Only a limited number of configuration programs can be loaded at the same 
time. If there is no room for loading a new configuration program, the configuration program 
for another configurable instruction is removed from the band to make room for the new 
configuration program. 

Each time a configuration program is loaded there is a considerable overhead. 
According to the article, this overhead is minimized by keeping the configuration programs 
loaded as long as possible before removing them to load other configuration programs. Thus, a 
kind of caching of configuration programs is realized, which minimizes the overhead when a 
configurable instruction is used repeatedly. Still, there is considerable overhead for loading 
configuration programs. 

Amongst others, it is an object of the invention to reduce the overhead needed 
to load configuration programs. It is a further object of the invention to increase the number of 
configuration programs that can be kept loaded together, so that configuration programs need 
to be loaded at fewer times. It is another object of the invention to reduce the amount of 
memory needed to store all configuration programs needed for a computer program. 

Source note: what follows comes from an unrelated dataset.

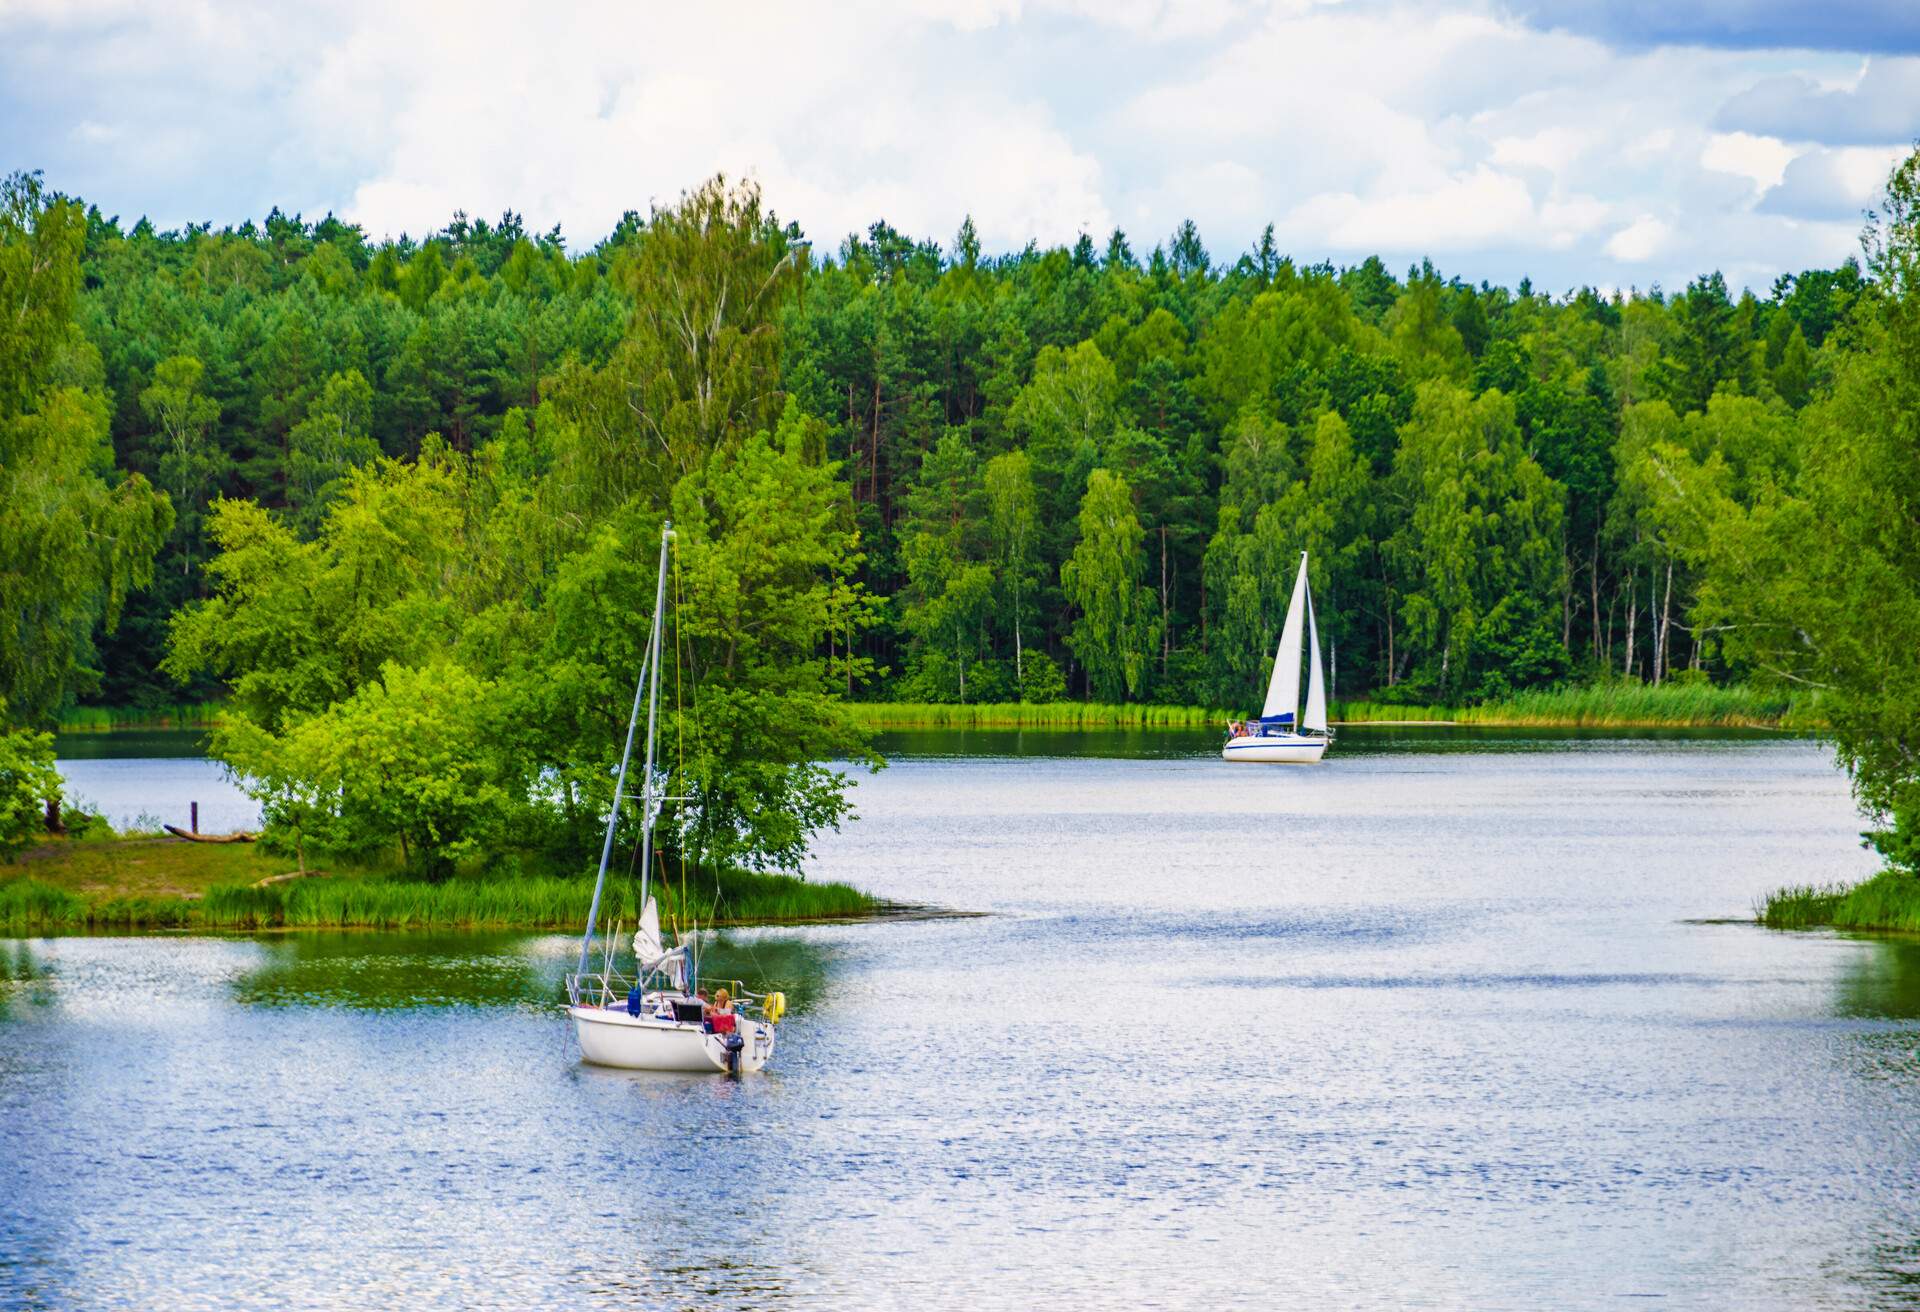 Boat yachts on lake during summer. Tuchola national park in Poland.

An embodiment of a method of executing a computer program according to the 
invention is set forth in Claim 1. According to this embodiment combinations of configurable 
instructions are defined and loaded in combination and not individually. Before running the 
program one or more combinations are selected, each of at least two configurable instructions. 
Typically, each combination is associated with one or more sequential regions of instructions 
the computer program. When the particular region of the program is executed the 
configuration program for all configurable instructions for the relevant combination for that 
region is loaded. 

The combinations of instructions and their associated regions can be selected 
before running the program, in such a way that the overhead for loading configuration * 
programs will be minimal, that is, configurable instructions selected for the combination occur 
in a sequence without interruption by other configurable instructions, not belonging to the 
combination, if these other configurable instructions would cause the need to load another 
combination. Thus, the work done to minimize the overhead is done at compile-time rather 
than at run-time.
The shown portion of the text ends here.